◆ WORK TO BE COMPLETED ◆
Would you reproduce each line below exactly, leaving every picture out?

◆ SUPPLIED MATERIAL ◆
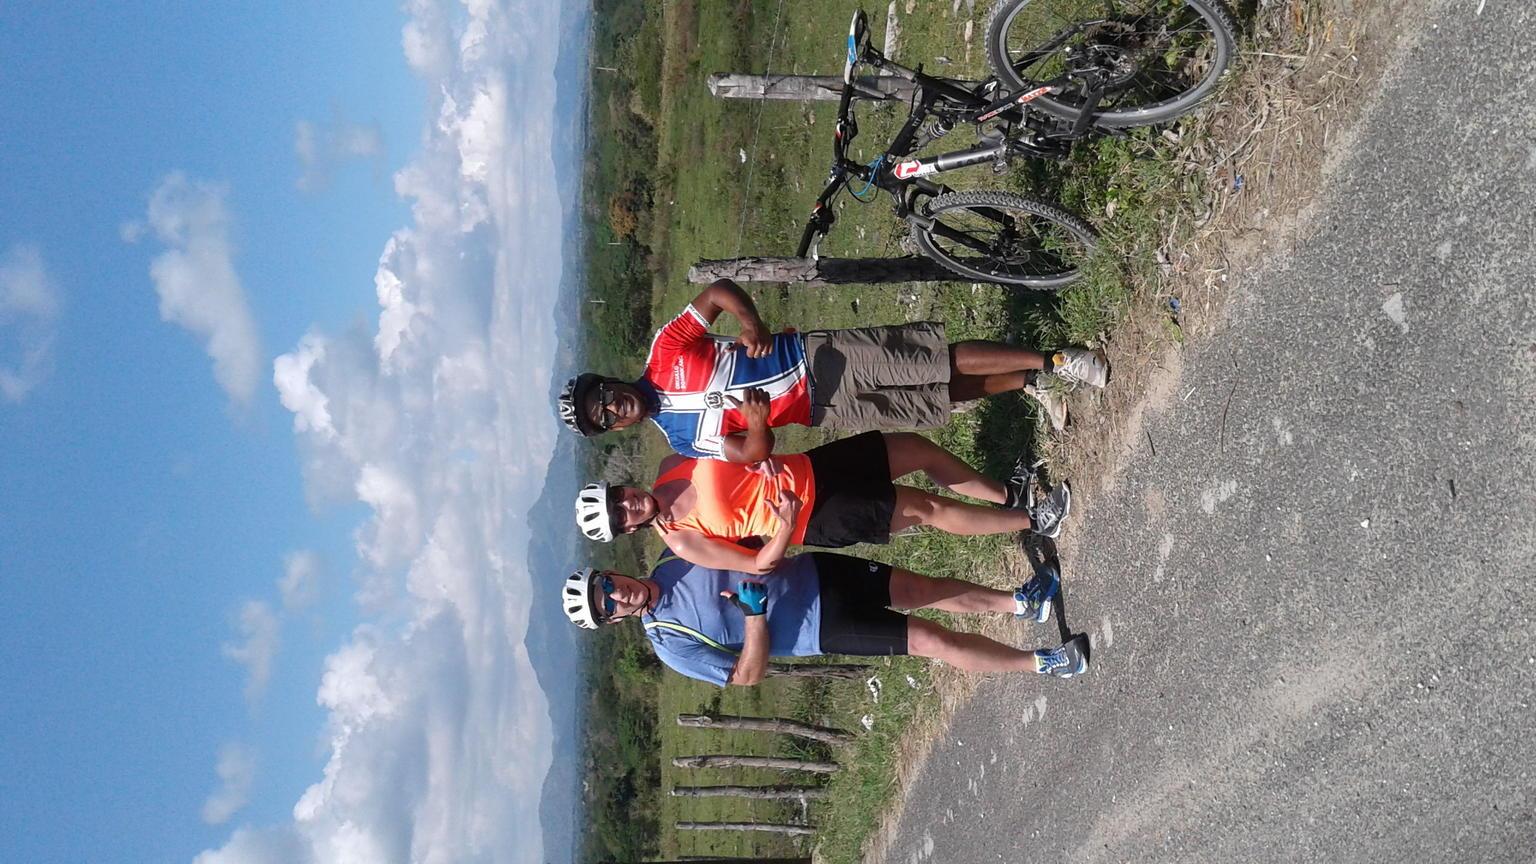 MÁS FOTOS, Aventura en bicicleta de montaña por Punta Cana
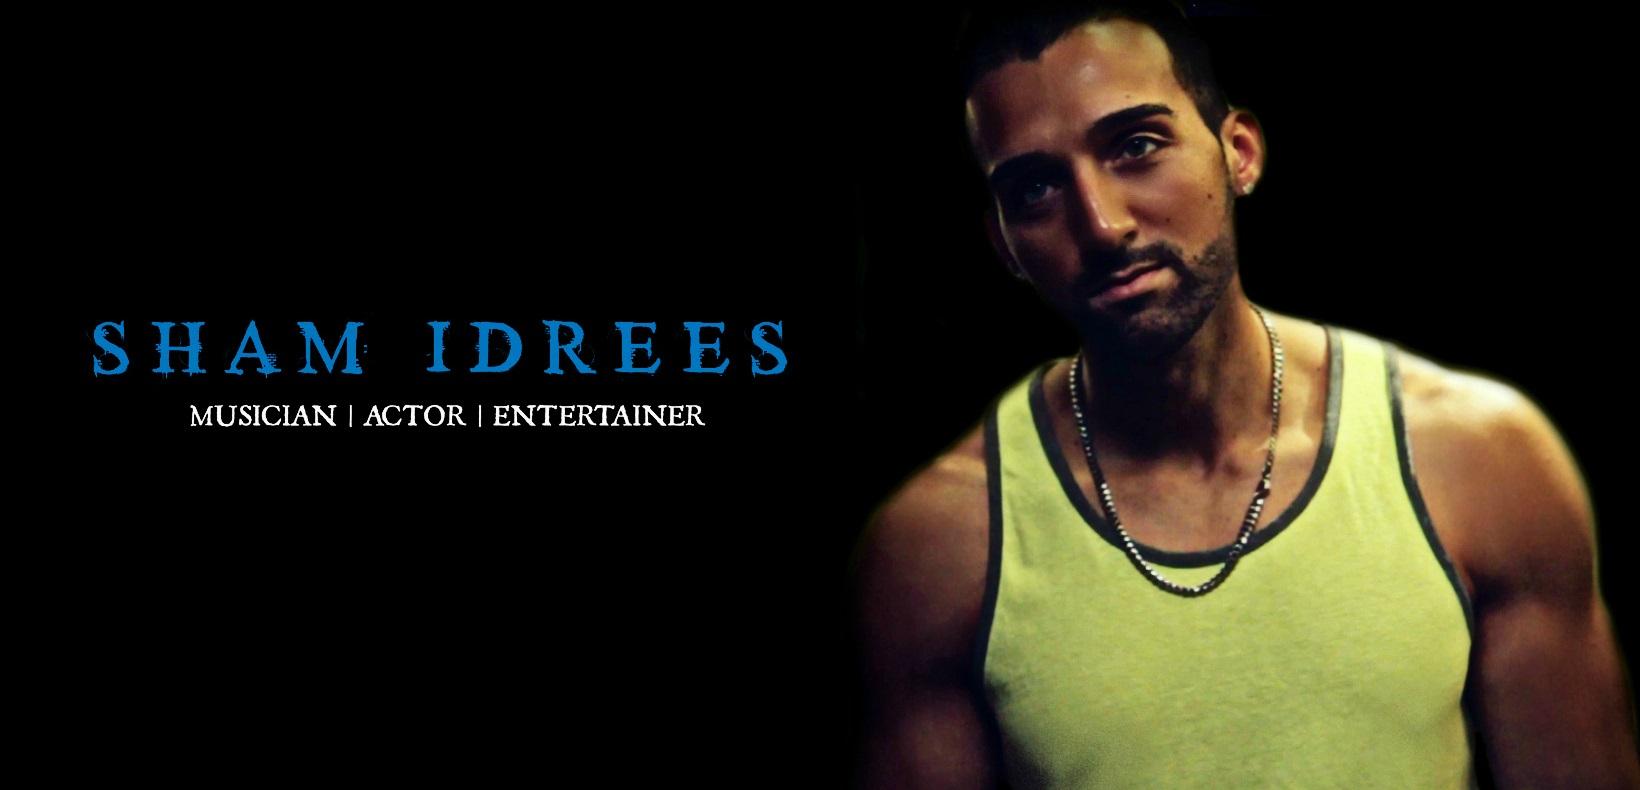 sham idress cover image
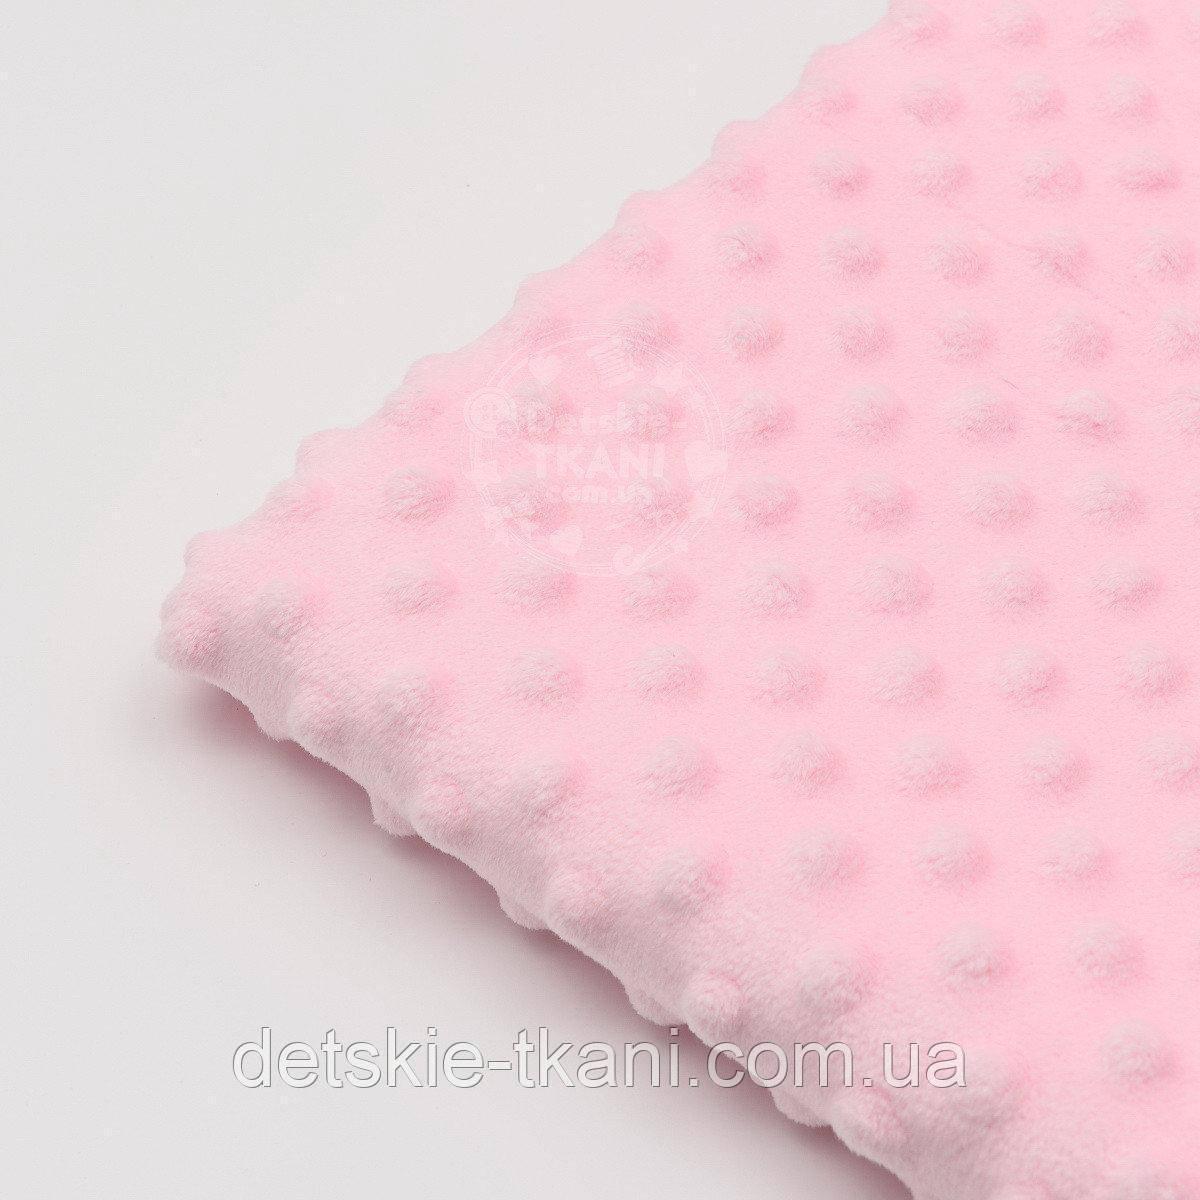 Пять лоскутов плюша minky М-6 цвет светло розовый, размер 120*15,19*30,45*20(2шт),40*50 см

◆ SOLUTION TO THIS EXERCISE ◆
 MÁS FOTOS, Aventura en bicicleta de montaña por Punta Cana
 sham idress cover image
 Пять лоскутов плюша minky М-6 цвет светло розовый, размер 120*15,19*30,45*20(2шт),40*50 см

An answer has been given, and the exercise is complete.